Ласково и бережно она обхватила пальцами шейку головки и потянула книзу и чуть вверх. Вторую ночь подряд женская, настоящая рука касалась его члена. И как!.. От возбуждения и перевозбуждения клинок чуть не оторвался от чресел. Он дернулся резко и с ее помощью попал прямо в ложбину. Она мгновенно сжала груди с боков ладонями, и Август почувствовал его зажатым в нежном тесном тоннеле, в каком еще никогда не бывал. И что такое блаженство существует в мире — он и не думал.
Теперь весь его ствол был сжат щеками-ядрами ее груди, только кончик головки, нацеленный на подбородок, вырывался — торчал наружу, овеваемый воздухом.

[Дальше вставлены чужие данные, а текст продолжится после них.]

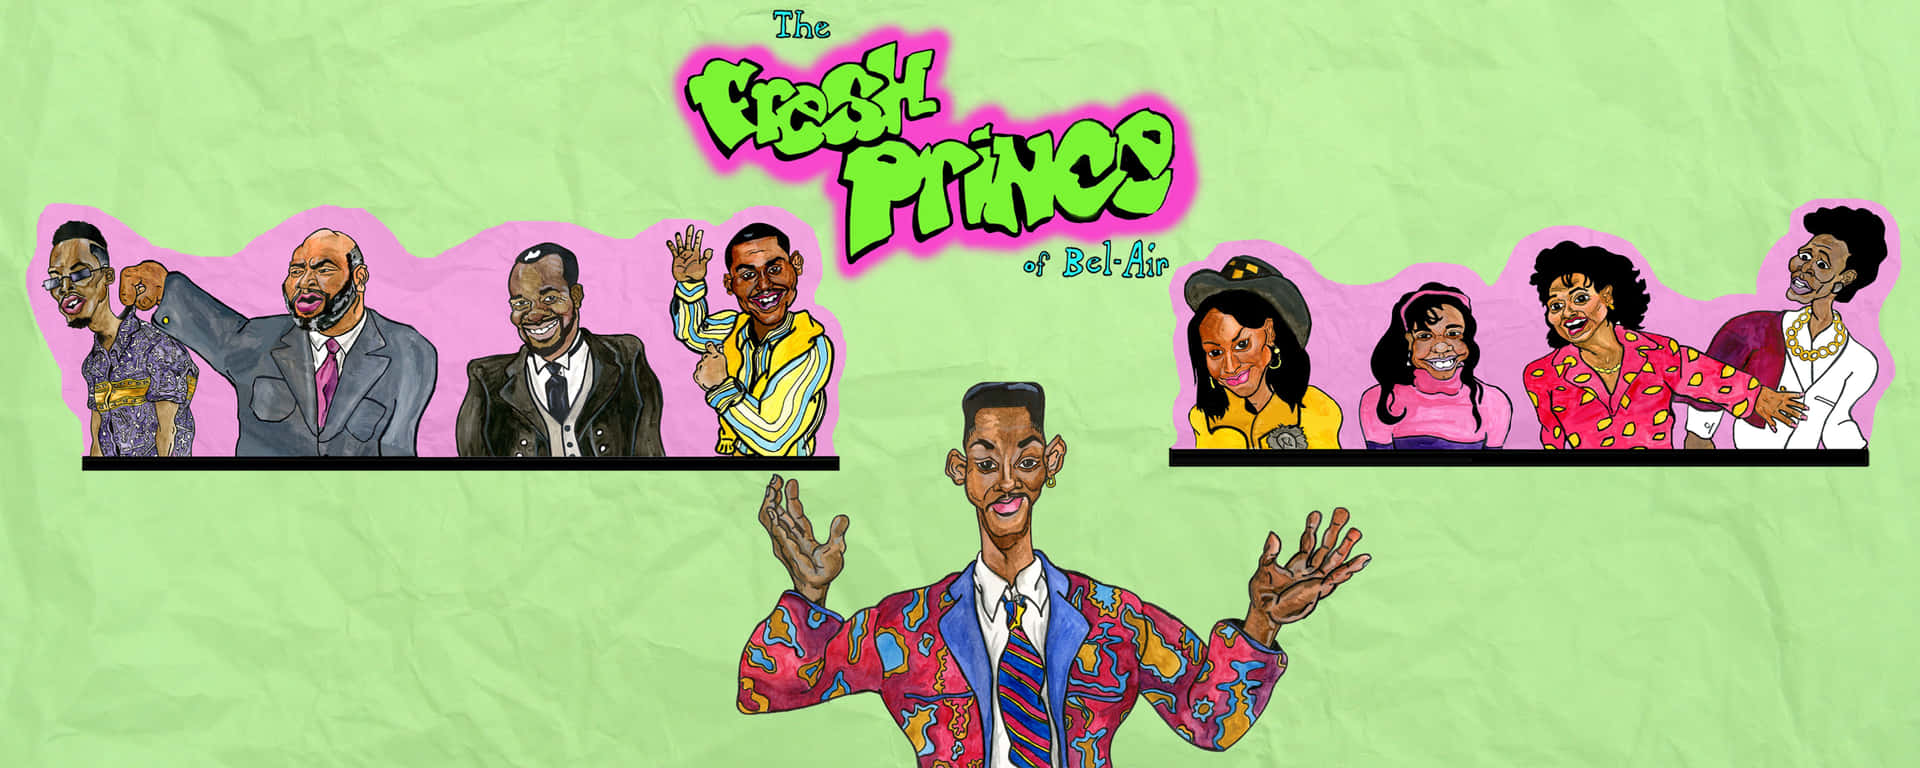 The Fresh Prince throwback 90s vibes

— Тебе нравится так? — полушепотом спросила она.
— Очень, очень, — не выдержал он.
— А ты знаешь, что дальше делать?
— Нет, — признался Август.
— Начинай медленно двигаться вверх, потом вниз. А я буду помогать тебе, сжимая и разжимая груди. Только не бойся ничего, чтобы потом ни случилось… Обещаешь?
— Обещаю.
Он не представлял, что такое страшное он может почувствовать и почему этого нужно бояться. Он сделал первое движение — вверх. Она сжала груди сильней и не дала ему вырваться наружу. Вниз — она ослабила зажим, зная, что он вернется наверх, когда… После первых трех движений он почувствовал невероятное, неземное, неведомое блаженство. Он давил вниз и вверх все сильней, и она поощряла его сжиманием груди. Он вдавливался в нее и рвался опять наверх, и Томила снова поддерживала его, вовремя искусно сжимая груди. О как дико, нечеловечески возбуждало его это трение. Он бился, как в сладостной долине, и только самый конец его головки получал редкую возможность ощутить глоток воздуха, едва не утыкаясь ей в подбородок. Так сильны были его рывки, уже похожие на таран, набирающий безумную скорость.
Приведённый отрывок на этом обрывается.